The trace and its component spans are independently evaluable.

Running evals

There are two surfaces for running evals against a LangChain app. Pick by where you want results to surface โ€” your terminal during development, or your CI pipeline as a pass/fail gate.

In CI/CD (pytest)

Use the deepeval pytest integration. Each parametrized test invocation becomes one LangChain run; failing metrics fail the test, which fails the build.

test_langchain_agent.py
import pytest
from langchain.agents import create_agent
from deepeval import assert_test
from deepeval.integrations.langchain import CallbackHandler
from deepeval.dataset import EvaluationDataset, Golden
from deepeval.metrics import TaskCompletionMetric

def multiply(a: int, b: int) -> int:
    """Multiply two numbers."""
    return a * b

agent = create_agent(model="openai:gpt-4o-mini", tools=[multiply], system_prompt="Be concise.")
dataset = EvaluationDataset(goldens=[
    Golden(input="What is 8 multiplied by 6?"),
    Golden(input="What is 7 multiplied by 9?"),
])

@pytest.mark.parametrize("golden", dataset.goldens)
def test_langchain_agent(golden: Golden):
    agent.invoke(
        {"messages": [{"role": "user", "content": golden.input}]},
        config={"callbacks": [CallbackHandler()]},
    )
    assert_test(golden=golden, metrics=[TaskCompletionMetric()])

Run it with:

deepeval test run test_langchain_agent.py

In a script

Use EvaluationDataset + evals_iterator(...). Each Golden becomes one LangChain run; metrics score the resulting trace through the callback.

langchain_agent.py
dataset = EvaluationDataset(goldens=[
    Golden(input="What is 8 multiplied by 6?"),
    Golden(input="What is 7 multiplied by 9?"),
])

for golden in dataset.evals_iterator():
    agent.invoke(
        {"messages": [{"role": "user", "content": golden.input}]},
        config={"callbacks": [CallbackHandler(metrics=[TaskCompletionMetric()])]},
    )

Applying metrics to components

Passing metrics=[...] to CallbackHandler evaluates the overall LangChain run. To evaluate a component instead, attach metrics where LangChain creates that component.

LLM calls

Wrap the invocation in with next_llm_span(metrics=[...]):. The CallbackHandler drains the staged metric onto the first LLM span it opens inside the with block; later LLM calls in the same run get nothing. This is the same one-shot semantic used by next_*_span in the Pydantic AI / Strands / AgentCore / Google ADK integrations.

langchain_agent.py
from langchain.agents import create_agent
from deepeval.integrations.langchain import CallbackHandler
from deepeval.metrics import AnswerRelevancyMetric
from deepeval.tracing import next_llm_span
...

agent = create_agent(model="openai:gpt-4o-mini", tools=[multiply], system_prompt="Be concise.")

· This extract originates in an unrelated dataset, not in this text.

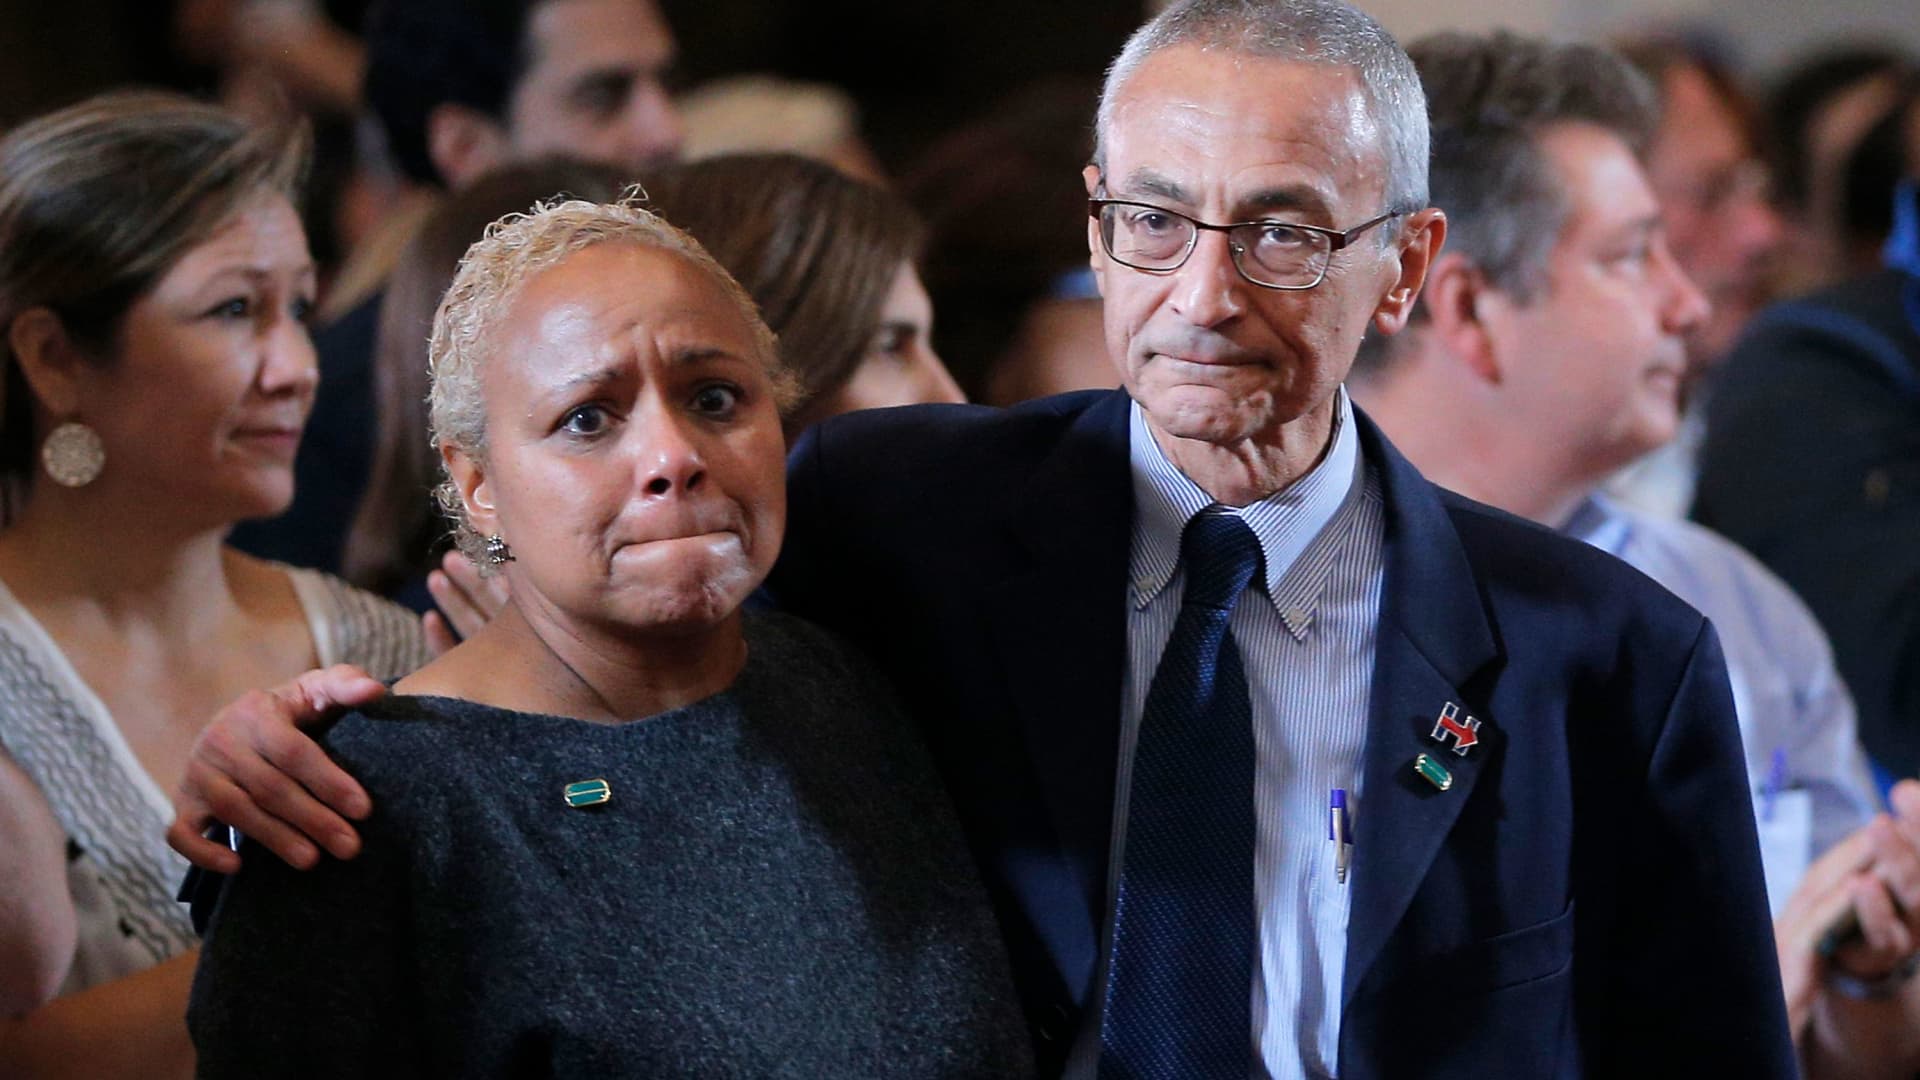 Campaign Chairman John Podesta hugs Tina Flournoy, chief of staff to former U.S. President Bill Clinton, as they attend an event being held by Hillary Clinton to address her staff and supporters about the results of the U.S. election at a hotel in the Manhattan borough of New York, November 9, 2016.

for golden in dataset.evals_iterator():
    with next_llm_span(metrics=[AnswerRelevancyMetric()]):
        agent.invoke(
            {"messages": [{"role": "user", "content": golden.input}]},
            config={"callbacks": [CallbackHandler()]},
        )

For deterministic tool calls, use tool spans for traceability, inputs, outputs, and metadata. Avoid attaching metrics directly to tool spans.

Retriever calls

Wrap the invocation in with next_retriever_span(...) to stage a metric (or a Confident AI metric_collection) on the first retriever span LangChain opens inside the with block.

langchain_agent.py
from deepeval.integrations.langchain import CallbackHandler
from deepeval.tracing import next_retriever_span
...

for golden in dataset.evals_iterator():
    with next_retriever_span(metric_collection="retriever_v1"):
        chain.invoke(
            {"messages": [{"role": "user", "content": golden.input}]},
            config={"callbacks": [CallbackHandler()]},
        )

next_retriever_span accepts the same metrics=[...] / metric_collection=... kwargs as next_llm_span. The same one-shot semantic applies: only the first retriever span in the run picks up the staged config.

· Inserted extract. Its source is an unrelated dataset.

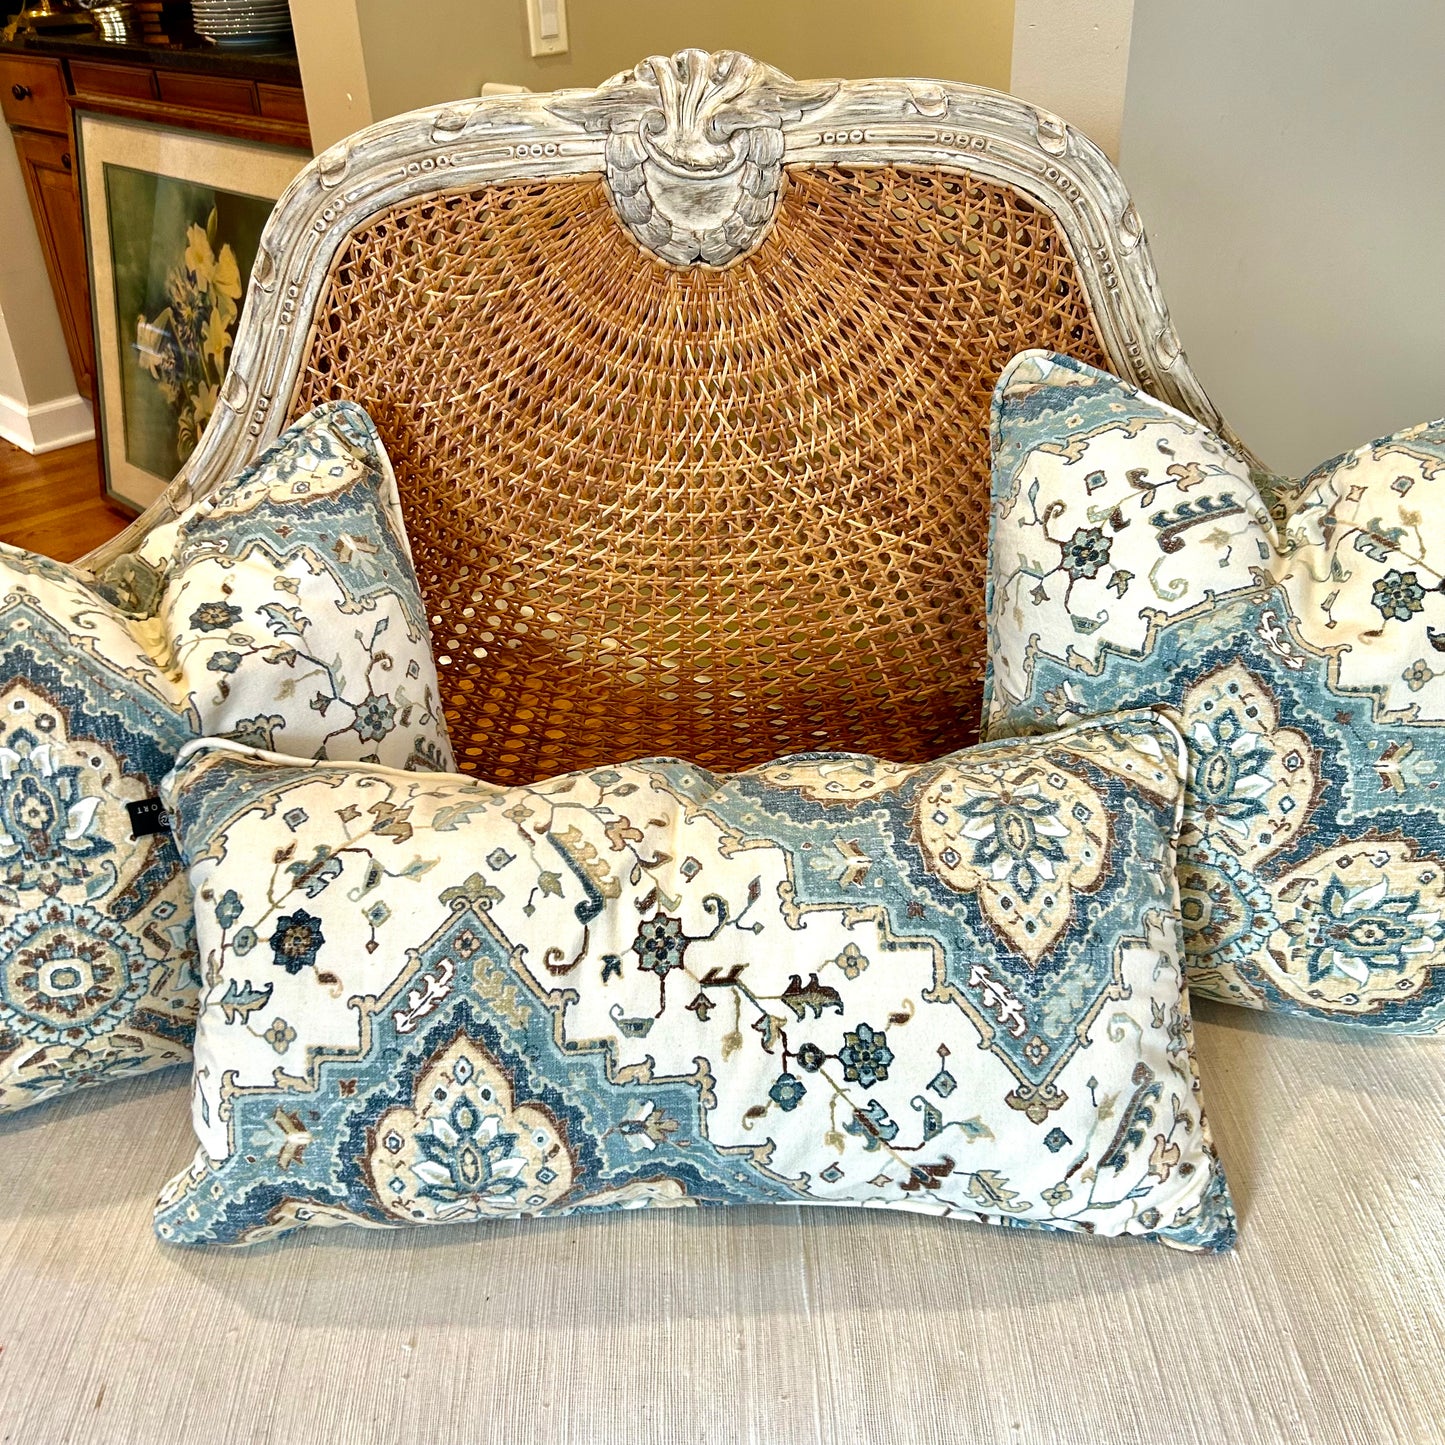 Set of 3 ivory, beige, and blues  designer pillows

Customizing trace and span data

LangChain is instrumented per-call through callbacks, so customization happens at the callback or span-staging boundary.

  • Use CallbackHandler(...) kwargs for trace-level defaults like name, tags, metadata, thread_id, and user_id.
  • Use next_llm_span(...) / next_retriever_span(...) / next_tool_span(...) to stage component-level fields (metrics, metric collections, test cases, custom span metadata) onto the next span the callback opens.
  • Use tool spans for deterministic traceability, inputs, outputs, and metadata.
langchain_agent.py
callback = CallbackHandler(
    name="math-agent",
    tags=["langchain", "math"],
    metadata={"team": "support"},
    user_id="user-123",
)

agent.invoke(
    {"messages": [{"role": "user", "content": "What is 8 multiplied by 6?"}]},
    config={"callbacks": [callback]},
)

Advanced patterns

The primitives above โ€” CallbackHandler(...), next_*_span(...), and deepeval's tool decorator โ€” compose around one boundary: LangChain owns the callback lifecycle, and your code chooses where to stage component config for the next span the callback opens.

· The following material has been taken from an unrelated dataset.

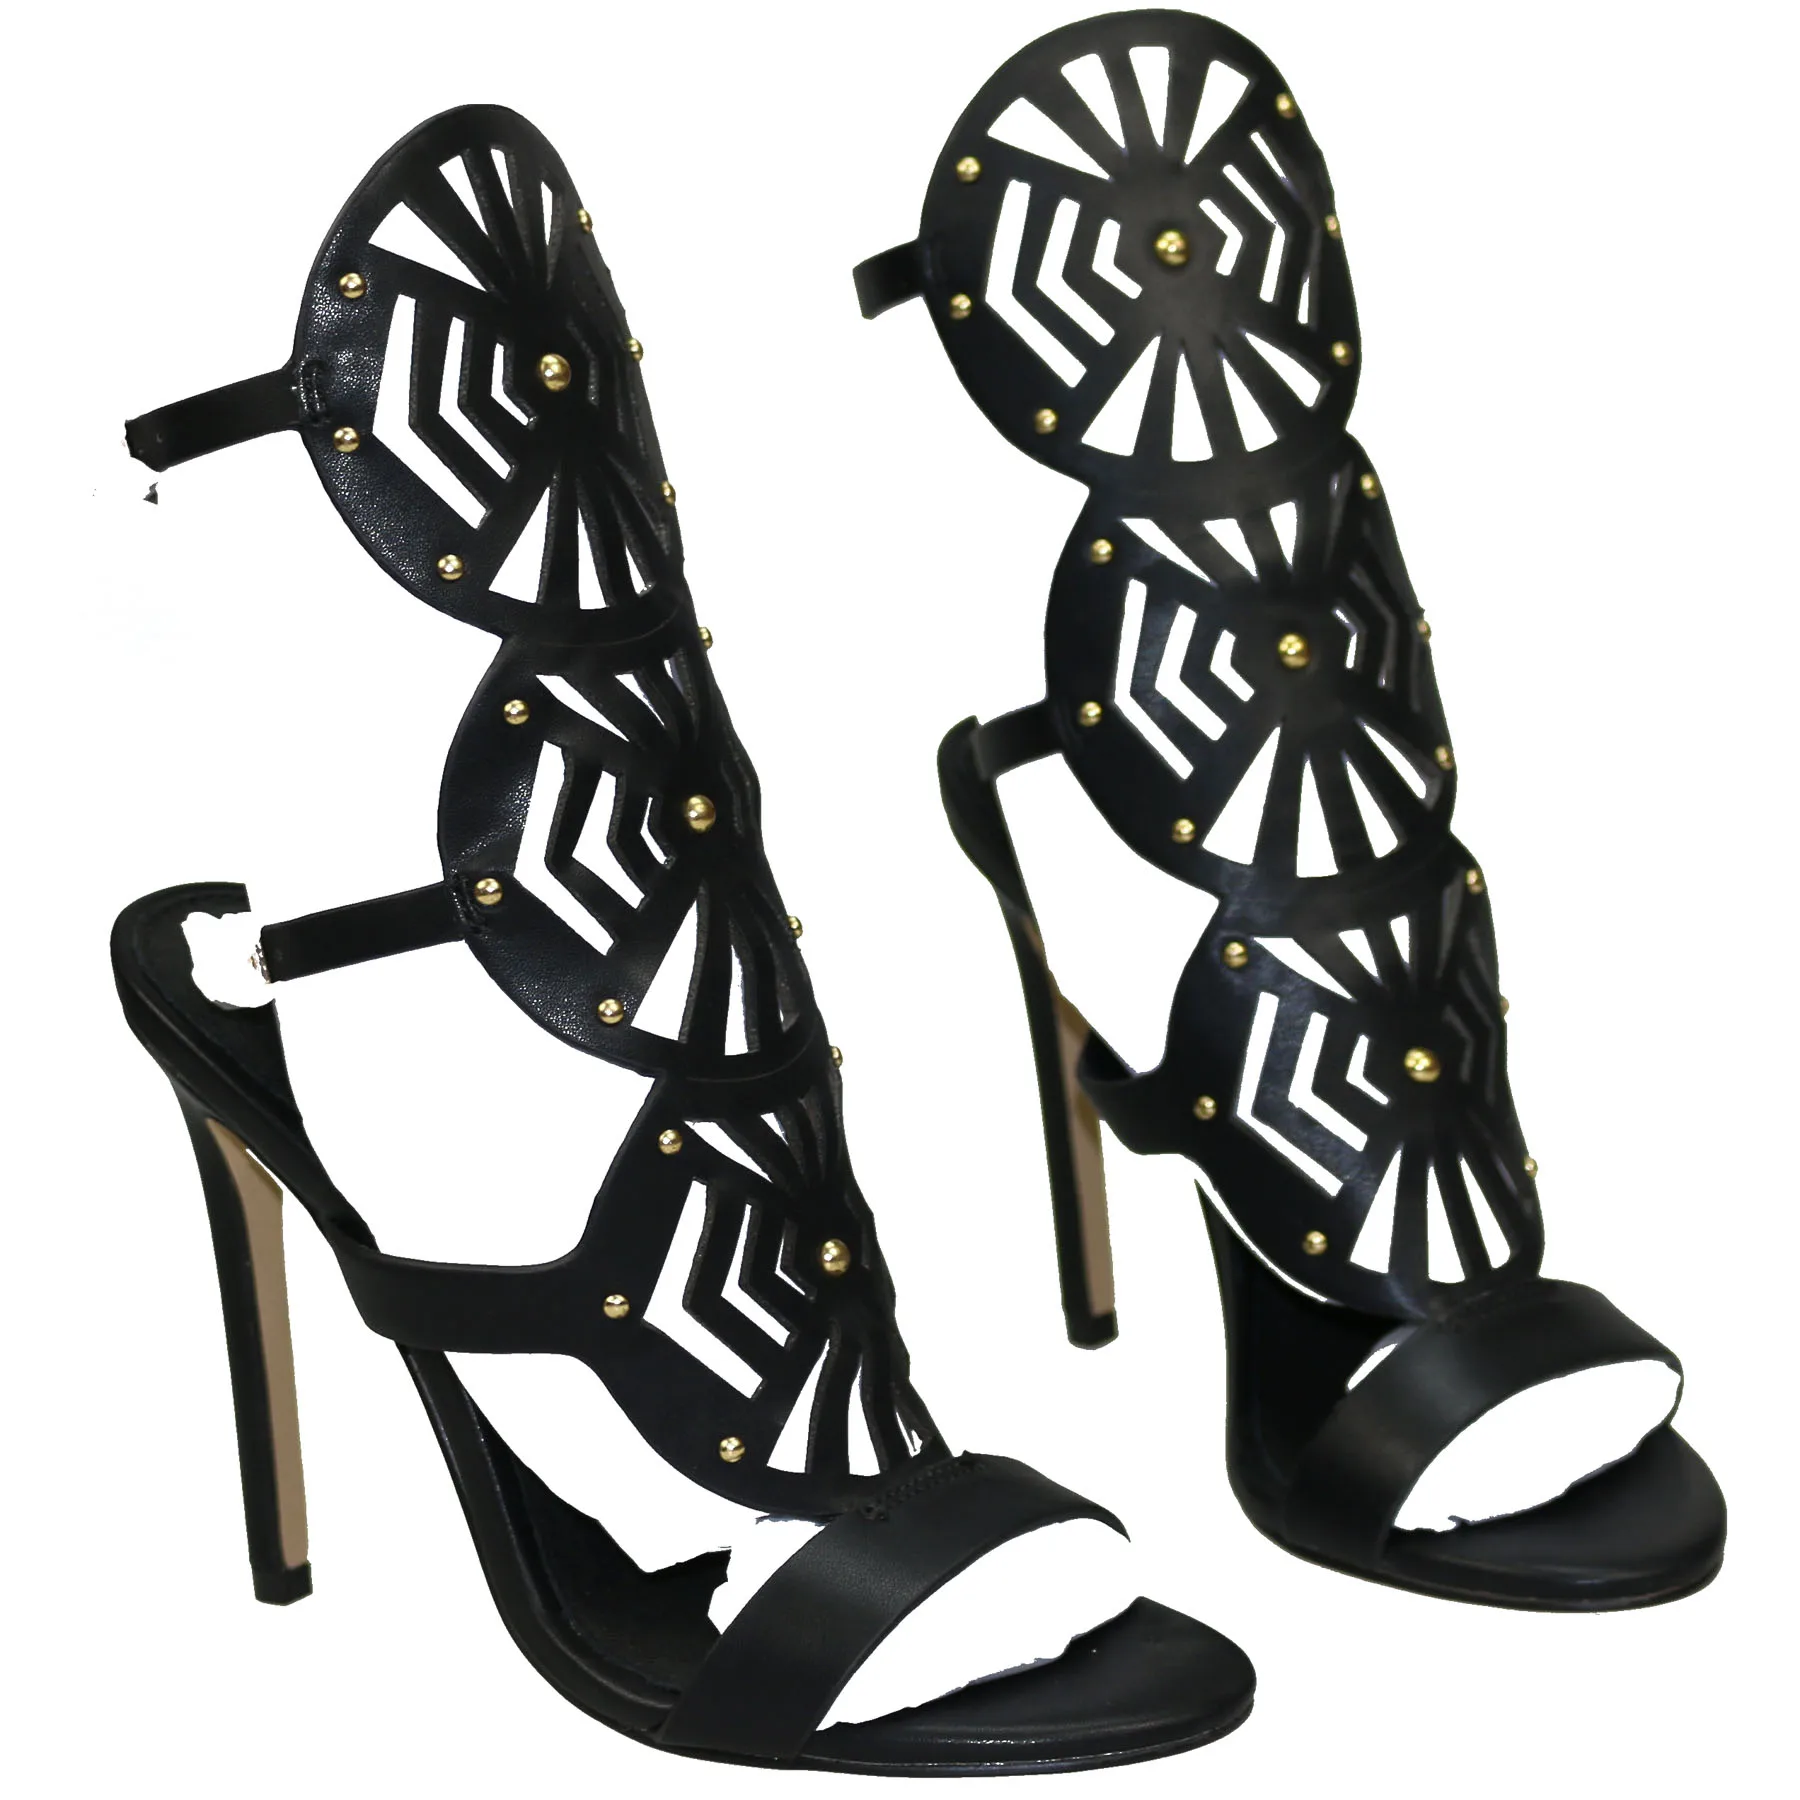 

Sexy Woman Spider Shape Cutout Sandals Rivets Studded Strap Buckled Thin High Heels Gladiator Open Toe Party Wedding Shoes

Evaluate subagents/components

Stage a component metric with next_llm_span(...) immediately before the agent.invoke(...) call. The CallbackHandler drains the staged metric onto the first LLM span LangChain opens inside the with block, so the metric lives on the LLM span inside the agent loop without modifying the agent or model.

langchain_agent.py
from langchain.agents import create_agent
from deepeval.integrations.langchain import CallbackHandler
from deepeval.metrics import AnswerRelevancyMetric
from deepeval.tracing import next_llm_span
...

agent = create_agent(model="openai:gpt-4o-mini", tools=[multiply], system_prompt="Be concise.")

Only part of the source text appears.